There are three menus; a big multi-page one with pizzas and a variety of other stuff, a colour-printed card featuring the chef's specials and a third hand-written, in a plastic holder on the table. It took a while to wade through all the offerings.
In the end we decided to start with cream of nettle soup, salad of greens and haloumi, an avocado salad and a pea soup with pork knuckle and prosciutto. All went down well enough and the portions were generous. The pea soup was tasty but the slice of prosciutto on its little floating island of bread didn't really belong there; eating soup with a knife was a first. The guy who ordered the nettle soup knew what he was in for and was complimentary about it but I tried a spoonful and was less so. Never having tasted nettle soup before I was not taken by the slight aftertaste of ashtray. There salads rated ten out of ten.
Main courses were goujons of chicken served on a bed of home made crisps with a sort of barbeque sauce, a Caesar salad with chicken, a whole sea bass cooked en papilotte and a huge chunk of Wagyu beef filet. The nettle soup man was not over-enthusiastic about his chicken, describing it as "alright". The Caesar salad had the right ingredients but would have looked better with parmesan shavings than it did with the cheese grated over it. Presentation of the sea bass was excellent; it was perfectly cooked and whilst it appeared to be whole it had been filleted in the kitchen. The American-reared wagyu beef was cooked rare and served in splendid isolation on its plate (meat and two veg is not the Bulgarian way, hence the salad starters).

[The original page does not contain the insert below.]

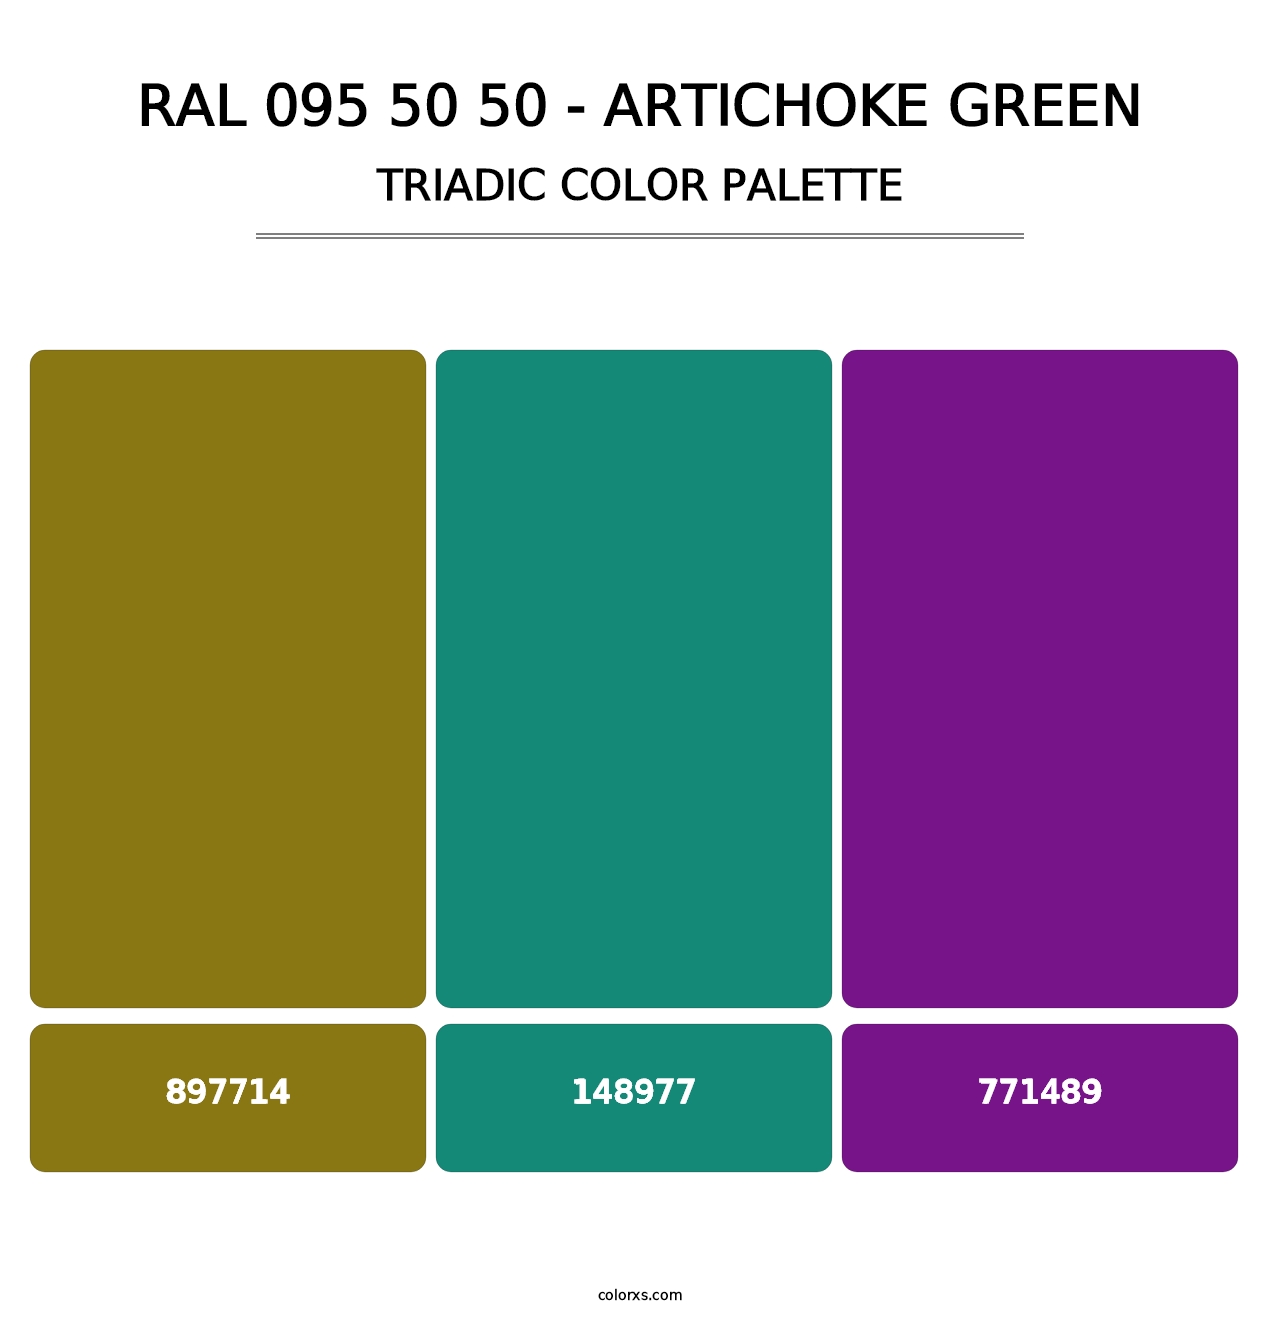 RAL 095 50 50 - Artichoke Green - Triadic Color Palette

Although it was the most tender piece of beef I have tasted in years it was not as flavoursome as I would have liked. I recalled a friend's similar comment about Kobe beef, which is a distant relation, but my wife, who shared the filet, thought it was great and blamed my jaded palate.

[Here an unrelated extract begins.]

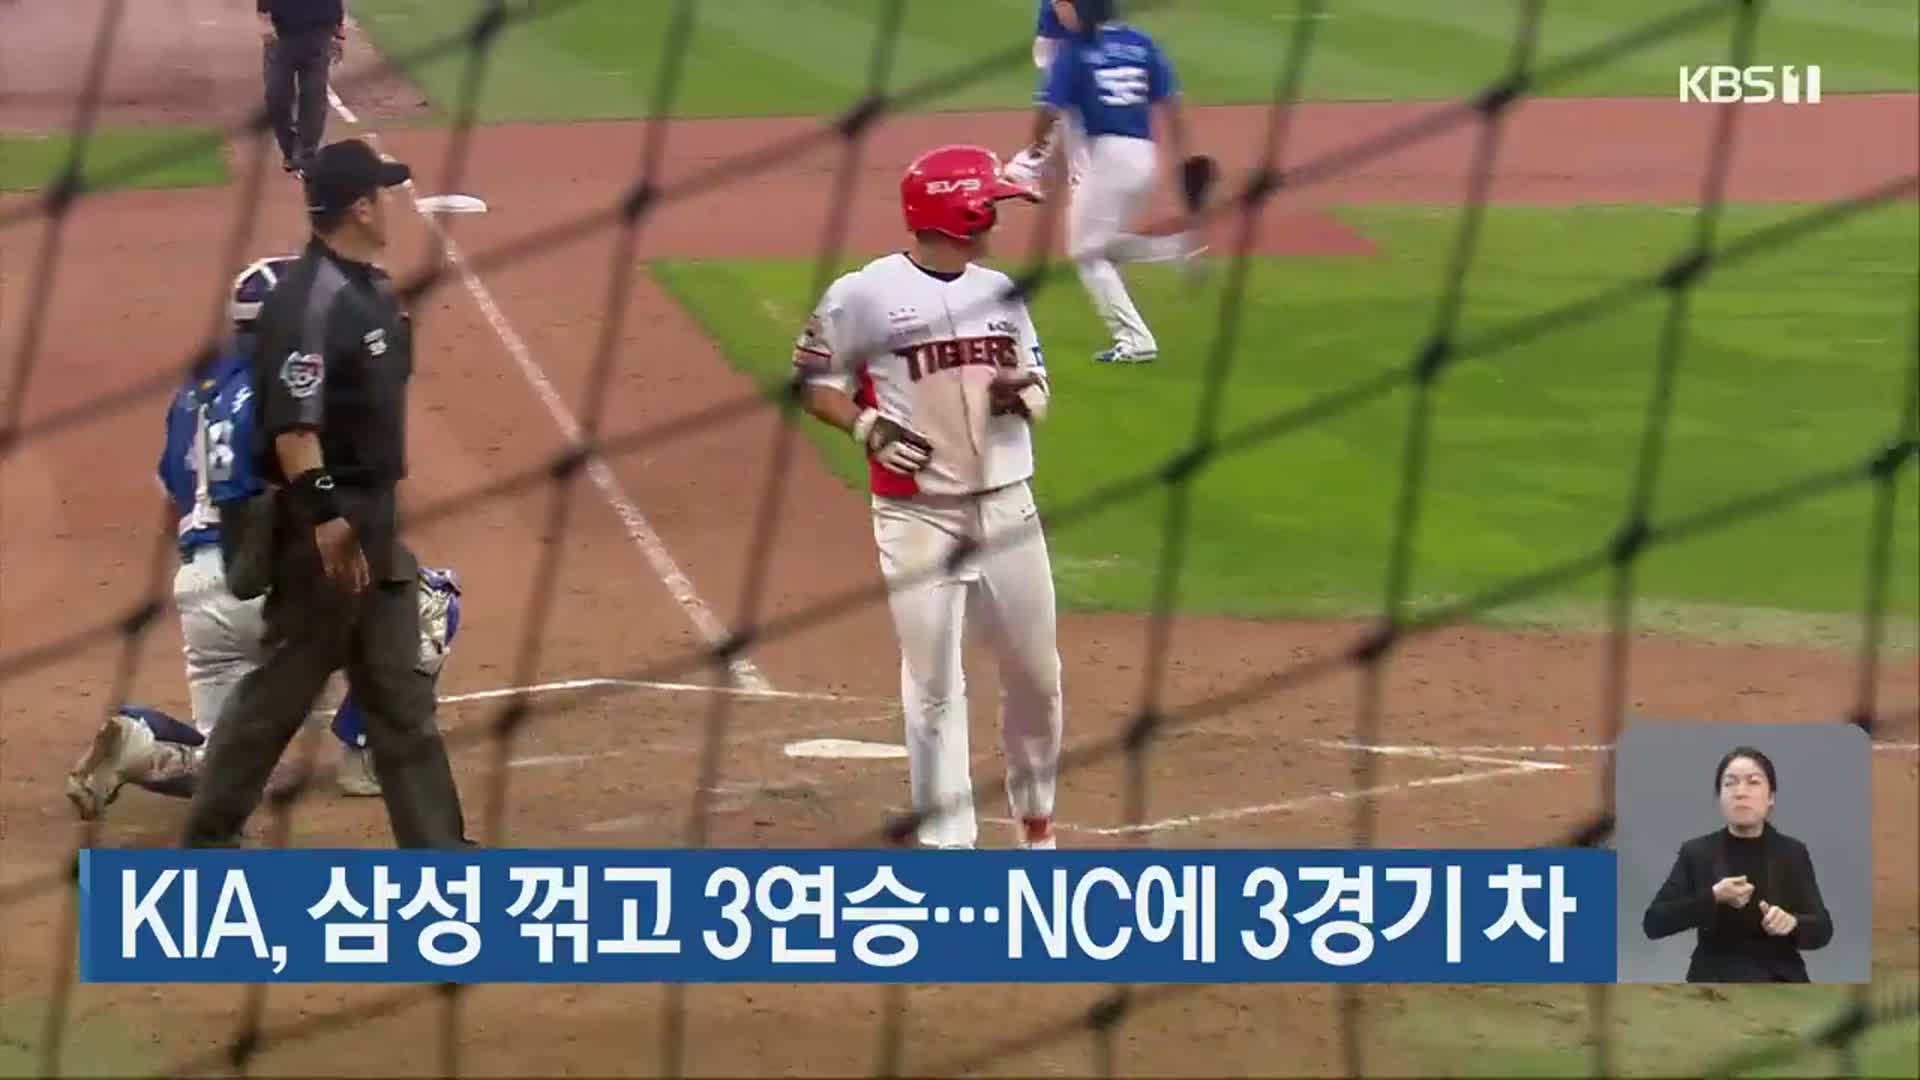 KIA, 삼성 꺾고 3연승…NC에 3경기 차

Top marks go to the service. Our waiter was knowledgeable and helpful. He knew his way round the wine list and when there was a question about the different steaks on offer (Black Angus and rib-eye were also available) he brought samples to the table.

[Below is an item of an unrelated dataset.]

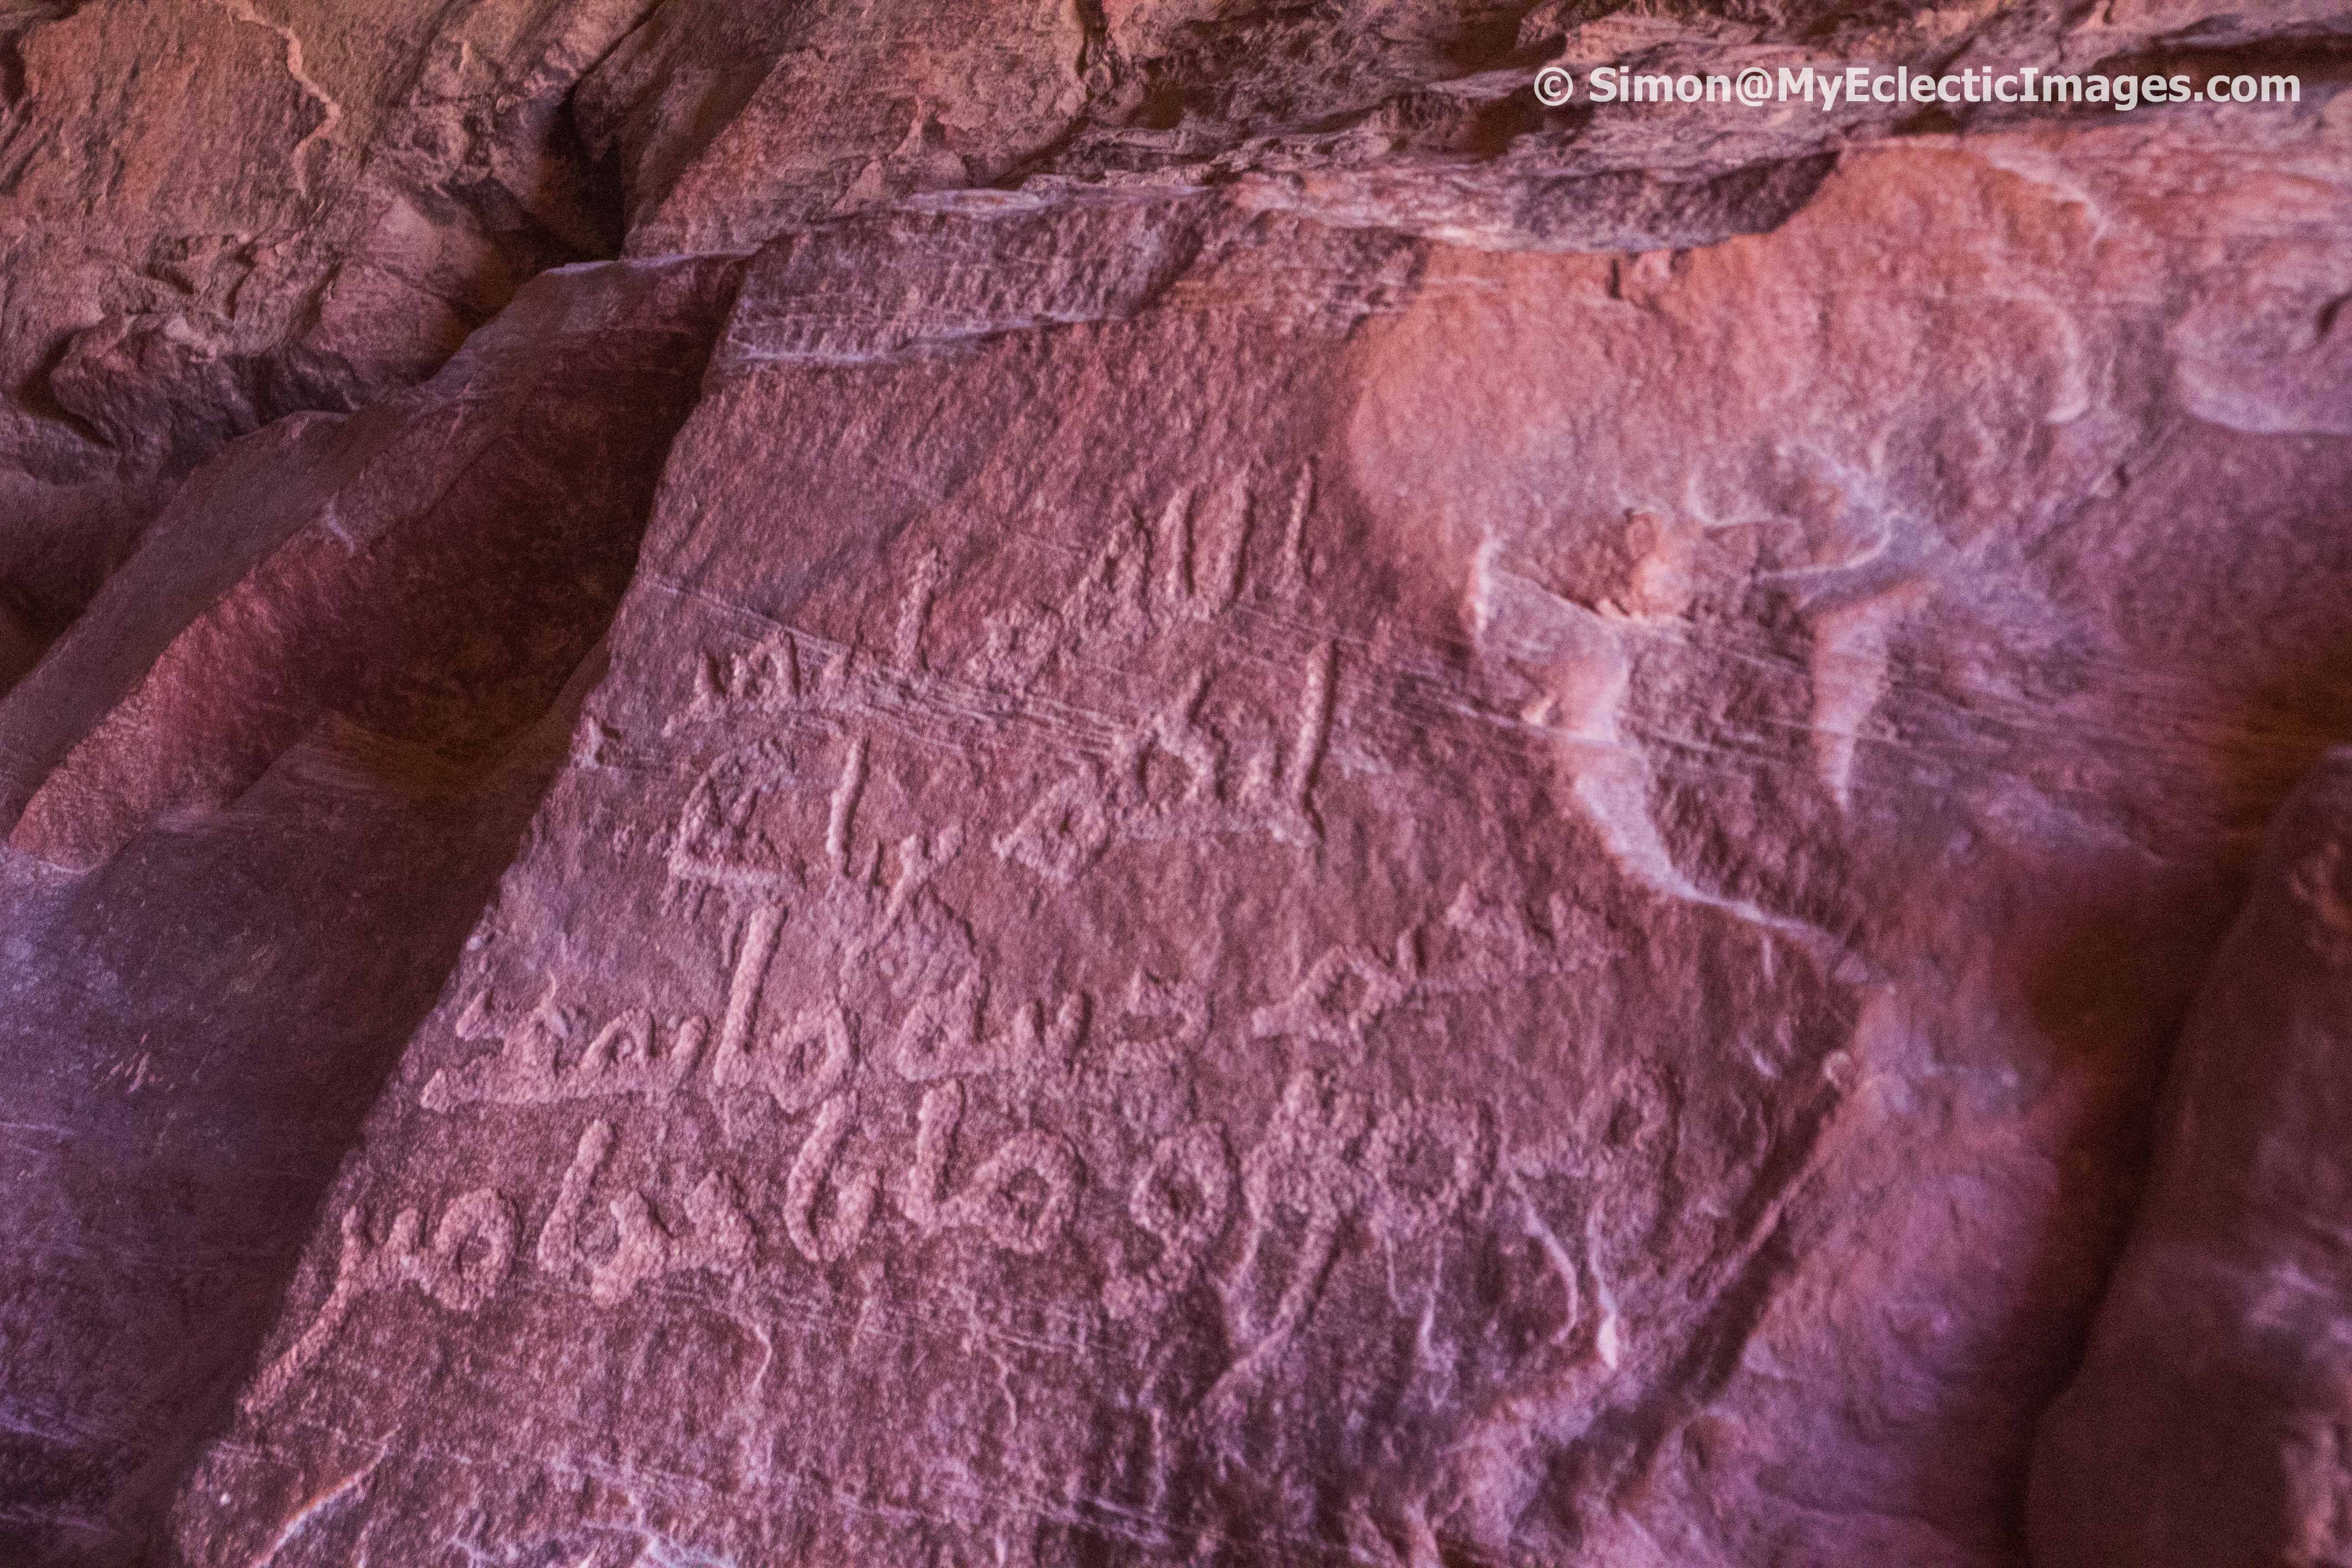 Arabic Writing Carved into Rock of a Narrow Wadi Jordan

The wagyu beef was always going to be pricey; in fact it came in at 70 leva, and the 35.55 leva for the sea bass looked a bit lumpy too. Overall though, the bill for four starters, four mains, four beers, a couple of soft drinks and a bottle of pinot grigio came to a reasonable 196 leva before the tip. At current exchange rates that's £88 or US$131. It was not a faultless meal but certainly above average, thus the 4/5 score.